What is needed
Search the entries below for the string "strong" and copy the lines that hold it.

(Records from a data source)
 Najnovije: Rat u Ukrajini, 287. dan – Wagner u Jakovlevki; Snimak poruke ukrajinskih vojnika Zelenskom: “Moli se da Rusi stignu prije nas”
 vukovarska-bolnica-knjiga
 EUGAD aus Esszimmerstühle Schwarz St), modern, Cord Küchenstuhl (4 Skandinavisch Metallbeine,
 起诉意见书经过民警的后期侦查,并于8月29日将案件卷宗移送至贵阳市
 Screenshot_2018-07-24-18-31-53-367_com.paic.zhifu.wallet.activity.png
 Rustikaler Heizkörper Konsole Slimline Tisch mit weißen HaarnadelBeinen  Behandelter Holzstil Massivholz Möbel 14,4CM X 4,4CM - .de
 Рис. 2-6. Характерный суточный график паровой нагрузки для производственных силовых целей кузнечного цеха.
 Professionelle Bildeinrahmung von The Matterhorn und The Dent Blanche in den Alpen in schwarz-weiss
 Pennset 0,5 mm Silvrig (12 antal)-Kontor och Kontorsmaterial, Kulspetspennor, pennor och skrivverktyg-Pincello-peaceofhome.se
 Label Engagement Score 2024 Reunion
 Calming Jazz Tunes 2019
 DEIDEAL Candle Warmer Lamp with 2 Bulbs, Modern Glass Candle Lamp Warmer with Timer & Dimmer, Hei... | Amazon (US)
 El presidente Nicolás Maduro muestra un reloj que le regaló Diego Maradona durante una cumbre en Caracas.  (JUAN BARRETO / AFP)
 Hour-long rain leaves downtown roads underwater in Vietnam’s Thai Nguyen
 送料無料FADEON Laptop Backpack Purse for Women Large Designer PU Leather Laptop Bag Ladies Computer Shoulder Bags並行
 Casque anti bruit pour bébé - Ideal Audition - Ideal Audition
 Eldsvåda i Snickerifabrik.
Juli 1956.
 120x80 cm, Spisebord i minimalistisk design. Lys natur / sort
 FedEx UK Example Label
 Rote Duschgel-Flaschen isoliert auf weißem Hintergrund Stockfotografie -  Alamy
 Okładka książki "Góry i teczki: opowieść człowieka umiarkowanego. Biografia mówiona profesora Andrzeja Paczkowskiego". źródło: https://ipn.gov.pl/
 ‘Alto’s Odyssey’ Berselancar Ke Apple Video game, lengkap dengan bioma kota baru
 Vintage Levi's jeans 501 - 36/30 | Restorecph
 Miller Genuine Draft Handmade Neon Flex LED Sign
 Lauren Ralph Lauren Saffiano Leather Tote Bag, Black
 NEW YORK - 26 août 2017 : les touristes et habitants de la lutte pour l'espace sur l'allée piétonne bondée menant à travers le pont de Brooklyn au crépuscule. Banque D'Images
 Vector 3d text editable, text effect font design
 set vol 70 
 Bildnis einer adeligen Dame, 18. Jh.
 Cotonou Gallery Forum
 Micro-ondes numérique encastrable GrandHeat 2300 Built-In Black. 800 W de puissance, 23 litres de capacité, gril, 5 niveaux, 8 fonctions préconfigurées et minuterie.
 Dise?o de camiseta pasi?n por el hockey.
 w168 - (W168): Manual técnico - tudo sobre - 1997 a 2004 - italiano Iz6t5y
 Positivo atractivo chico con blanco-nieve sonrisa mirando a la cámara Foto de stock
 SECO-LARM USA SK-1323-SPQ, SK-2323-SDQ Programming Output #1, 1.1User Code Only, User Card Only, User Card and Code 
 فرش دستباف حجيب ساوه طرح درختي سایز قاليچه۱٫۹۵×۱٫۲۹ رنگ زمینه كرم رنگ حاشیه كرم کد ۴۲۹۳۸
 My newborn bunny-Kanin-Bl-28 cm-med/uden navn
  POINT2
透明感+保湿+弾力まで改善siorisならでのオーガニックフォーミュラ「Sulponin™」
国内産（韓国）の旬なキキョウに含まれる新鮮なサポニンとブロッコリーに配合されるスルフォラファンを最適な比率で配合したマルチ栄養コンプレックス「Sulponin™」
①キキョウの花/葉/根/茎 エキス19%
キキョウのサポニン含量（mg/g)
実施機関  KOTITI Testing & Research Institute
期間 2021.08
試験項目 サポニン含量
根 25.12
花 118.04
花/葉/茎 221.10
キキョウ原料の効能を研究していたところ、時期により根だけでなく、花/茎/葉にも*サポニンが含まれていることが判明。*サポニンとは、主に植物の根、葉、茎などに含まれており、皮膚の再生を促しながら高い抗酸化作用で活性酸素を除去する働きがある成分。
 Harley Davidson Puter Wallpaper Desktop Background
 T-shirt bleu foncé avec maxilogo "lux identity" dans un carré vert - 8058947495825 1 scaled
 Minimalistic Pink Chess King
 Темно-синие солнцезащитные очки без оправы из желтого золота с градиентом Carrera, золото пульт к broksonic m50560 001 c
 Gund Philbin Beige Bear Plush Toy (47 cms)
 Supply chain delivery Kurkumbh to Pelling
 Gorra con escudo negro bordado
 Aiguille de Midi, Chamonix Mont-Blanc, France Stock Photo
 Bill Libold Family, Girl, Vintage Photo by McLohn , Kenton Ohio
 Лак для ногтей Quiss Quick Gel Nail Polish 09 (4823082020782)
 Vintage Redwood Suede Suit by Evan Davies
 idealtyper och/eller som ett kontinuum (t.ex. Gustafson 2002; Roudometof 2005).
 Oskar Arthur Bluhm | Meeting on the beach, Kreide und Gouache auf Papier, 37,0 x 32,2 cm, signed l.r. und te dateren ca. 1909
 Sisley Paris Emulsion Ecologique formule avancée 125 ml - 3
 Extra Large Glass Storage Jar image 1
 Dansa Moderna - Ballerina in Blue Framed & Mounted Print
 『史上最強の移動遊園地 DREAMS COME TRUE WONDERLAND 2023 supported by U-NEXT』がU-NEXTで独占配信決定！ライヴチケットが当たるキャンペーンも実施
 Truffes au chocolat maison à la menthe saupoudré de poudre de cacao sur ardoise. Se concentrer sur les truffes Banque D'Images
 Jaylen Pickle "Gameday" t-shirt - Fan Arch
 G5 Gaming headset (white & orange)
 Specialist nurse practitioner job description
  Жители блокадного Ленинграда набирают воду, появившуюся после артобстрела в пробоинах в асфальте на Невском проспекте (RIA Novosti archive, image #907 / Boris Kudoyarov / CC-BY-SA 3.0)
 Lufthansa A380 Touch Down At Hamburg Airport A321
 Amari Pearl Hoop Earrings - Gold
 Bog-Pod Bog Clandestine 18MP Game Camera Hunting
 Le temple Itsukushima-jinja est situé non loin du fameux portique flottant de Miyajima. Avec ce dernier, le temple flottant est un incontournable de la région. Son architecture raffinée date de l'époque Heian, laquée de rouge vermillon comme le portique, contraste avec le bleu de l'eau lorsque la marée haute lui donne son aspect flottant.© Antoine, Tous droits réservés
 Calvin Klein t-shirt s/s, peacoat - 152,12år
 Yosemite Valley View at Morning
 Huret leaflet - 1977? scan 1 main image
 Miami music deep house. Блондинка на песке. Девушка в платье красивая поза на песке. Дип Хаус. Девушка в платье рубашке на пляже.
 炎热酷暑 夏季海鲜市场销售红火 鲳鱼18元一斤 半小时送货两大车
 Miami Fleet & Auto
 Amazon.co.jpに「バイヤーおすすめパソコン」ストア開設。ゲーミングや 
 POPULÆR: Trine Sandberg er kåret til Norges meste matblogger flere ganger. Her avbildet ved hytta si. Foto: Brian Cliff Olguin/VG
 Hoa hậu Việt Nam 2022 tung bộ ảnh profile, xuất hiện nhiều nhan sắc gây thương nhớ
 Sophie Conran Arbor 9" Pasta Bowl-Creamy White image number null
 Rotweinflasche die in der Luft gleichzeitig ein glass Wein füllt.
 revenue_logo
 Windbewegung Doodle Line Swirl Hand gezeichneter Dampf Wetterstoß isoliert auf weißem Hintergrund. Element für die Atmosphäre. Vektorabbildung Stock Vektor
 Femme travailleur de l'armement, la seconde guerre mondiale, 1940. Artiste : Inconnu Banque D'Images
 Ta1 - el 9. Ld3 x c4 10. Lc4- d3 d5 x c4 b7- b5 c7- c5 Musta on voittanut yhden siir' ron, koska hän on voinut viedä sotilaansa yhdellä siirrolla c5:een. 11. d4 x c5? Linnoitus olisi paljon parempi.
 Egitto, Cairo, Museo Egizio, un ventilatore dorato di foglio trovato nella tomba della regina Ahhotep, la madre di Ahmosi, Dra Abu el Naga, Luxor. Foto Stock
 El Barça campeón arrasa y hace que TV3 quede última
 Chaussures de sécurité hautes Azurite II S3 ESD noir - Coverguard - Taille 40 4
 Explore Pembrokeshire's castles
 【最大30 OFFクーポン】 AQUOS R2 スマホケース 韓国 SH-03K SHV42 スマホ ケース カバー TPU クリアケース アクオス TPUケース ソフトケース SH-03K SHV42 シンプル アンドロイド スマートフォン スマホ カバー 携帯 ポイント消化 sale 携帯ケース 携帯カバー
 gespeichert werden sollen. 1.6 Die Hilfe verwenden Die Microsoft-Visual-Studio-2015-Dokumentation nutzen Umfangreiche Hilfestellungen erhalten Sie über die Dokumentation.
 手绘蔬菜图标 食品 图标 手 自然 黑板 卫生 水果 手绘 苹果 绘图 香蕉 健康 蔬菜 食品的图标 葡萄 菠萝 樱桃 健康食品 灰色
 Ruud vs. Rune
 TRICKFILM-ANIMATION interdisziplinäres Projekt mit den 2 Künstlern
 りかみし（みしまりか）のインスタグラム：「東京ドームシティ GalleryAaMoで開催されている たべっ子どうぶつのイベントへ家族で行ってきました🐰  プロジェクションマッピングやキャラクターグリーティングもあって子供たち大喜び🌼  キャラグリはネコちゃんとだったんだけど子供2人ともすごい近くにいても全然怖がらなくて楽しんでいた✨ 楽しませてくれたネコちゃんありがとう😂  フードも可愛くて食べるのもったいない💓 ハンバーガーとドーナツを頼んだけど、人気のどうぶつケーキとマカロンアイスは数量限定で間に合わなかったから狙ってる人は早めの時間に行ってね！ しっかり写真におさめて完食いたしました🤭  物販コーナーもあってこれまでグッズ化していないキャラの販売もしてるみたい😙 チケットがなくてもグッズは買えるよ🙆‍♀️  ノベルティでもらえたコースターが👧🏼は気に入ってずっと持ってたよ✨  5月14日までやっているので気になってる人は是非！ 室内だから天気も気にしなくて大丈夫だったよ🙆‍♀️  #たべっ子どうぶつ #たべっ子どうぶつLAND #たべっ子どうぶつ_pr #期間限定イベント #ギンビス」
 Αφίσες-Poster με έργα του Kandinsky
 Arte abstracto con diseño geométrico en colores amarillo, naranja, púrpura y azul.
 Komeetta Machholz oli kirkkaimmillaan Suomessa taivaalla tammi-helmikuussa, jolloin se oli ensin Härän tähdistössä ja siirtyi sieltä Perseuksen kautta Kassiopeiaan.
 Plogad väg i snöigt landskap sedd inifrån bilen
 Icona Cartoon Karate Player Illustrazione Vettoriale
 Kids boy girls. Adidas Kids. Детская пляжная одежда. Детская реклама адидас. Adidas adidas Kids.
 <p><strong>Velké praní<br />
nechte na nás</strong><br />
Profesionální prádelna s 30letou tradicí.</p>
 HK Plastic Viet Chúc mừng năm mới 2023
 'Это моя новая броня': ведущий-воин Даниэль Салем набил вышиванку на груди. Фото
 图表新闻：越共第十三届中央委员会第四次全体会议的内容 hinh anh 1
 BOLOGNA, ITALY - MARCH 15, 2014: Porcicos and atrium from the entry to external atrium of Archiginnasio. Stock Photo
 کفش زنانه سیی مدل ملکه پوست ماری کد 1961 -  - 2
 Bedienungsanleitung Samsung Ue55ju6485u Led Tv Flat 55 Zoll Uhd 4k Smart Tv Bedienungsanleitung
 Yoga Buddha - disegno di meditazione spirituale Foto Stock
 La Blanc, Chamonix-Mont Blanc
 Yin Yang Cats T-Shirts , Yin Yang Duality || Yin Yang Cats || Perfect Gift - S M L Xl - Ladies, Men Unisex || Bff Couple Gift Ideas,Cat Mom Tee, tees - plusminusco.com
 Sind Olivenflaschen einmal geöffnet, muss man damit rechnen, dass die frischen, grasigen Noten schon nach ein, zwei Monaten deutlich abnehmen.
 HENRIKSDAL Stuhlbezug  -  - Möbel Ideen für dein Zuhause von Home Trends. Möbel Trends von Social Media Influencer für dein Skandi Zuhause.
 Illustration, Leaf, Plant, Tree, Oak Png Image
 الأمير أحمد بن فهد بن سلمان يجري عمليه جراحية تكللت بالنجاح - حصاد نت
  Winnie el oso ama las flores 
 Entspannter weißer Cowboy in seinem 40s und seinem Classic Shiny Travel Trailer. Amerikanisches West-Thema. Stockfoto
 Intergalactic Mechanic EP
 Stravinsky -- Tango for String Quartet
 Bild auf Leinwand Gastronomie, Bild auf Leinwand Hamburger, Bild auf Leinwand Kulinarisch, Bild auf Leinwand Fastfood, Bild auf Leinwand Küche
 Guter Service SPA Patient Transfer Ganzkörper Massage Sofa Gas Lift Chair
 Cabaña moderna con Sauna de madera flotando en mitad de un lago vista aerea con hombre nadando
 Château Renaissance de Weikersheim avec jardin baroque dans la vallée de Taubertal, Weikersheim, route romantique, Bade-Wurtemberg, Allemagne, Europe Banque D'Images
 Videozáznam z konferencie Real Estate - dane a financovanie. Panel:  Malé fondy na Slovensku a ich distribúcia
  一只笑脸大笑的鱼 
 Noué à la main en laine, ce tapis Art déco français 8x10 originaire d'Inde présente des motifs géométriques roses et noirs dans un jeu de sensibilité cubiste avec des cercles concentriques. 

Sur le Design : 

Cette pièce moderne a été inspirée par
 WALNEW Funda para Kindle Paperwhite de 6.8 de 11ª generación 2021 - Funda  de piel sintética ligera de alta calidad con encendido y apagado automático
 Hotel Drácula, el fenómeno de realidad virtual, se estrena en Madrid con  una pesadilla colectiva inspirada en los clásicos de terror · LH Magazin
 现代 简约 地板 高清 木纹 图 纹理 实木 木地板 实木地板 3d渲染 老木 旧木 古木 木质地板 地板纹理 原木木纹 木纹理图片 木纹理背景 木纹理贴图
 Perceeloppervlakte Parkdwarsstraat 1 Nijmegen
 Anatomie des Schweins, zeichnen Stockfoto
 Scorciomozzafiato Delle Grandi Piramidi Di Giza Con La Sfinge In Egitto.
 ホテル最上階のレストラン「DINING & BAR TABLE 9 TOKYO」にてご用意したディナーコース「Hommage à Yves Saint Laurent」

Result of the task
 <p><strong>Velké praní<br />
nechte na nás</strong><br />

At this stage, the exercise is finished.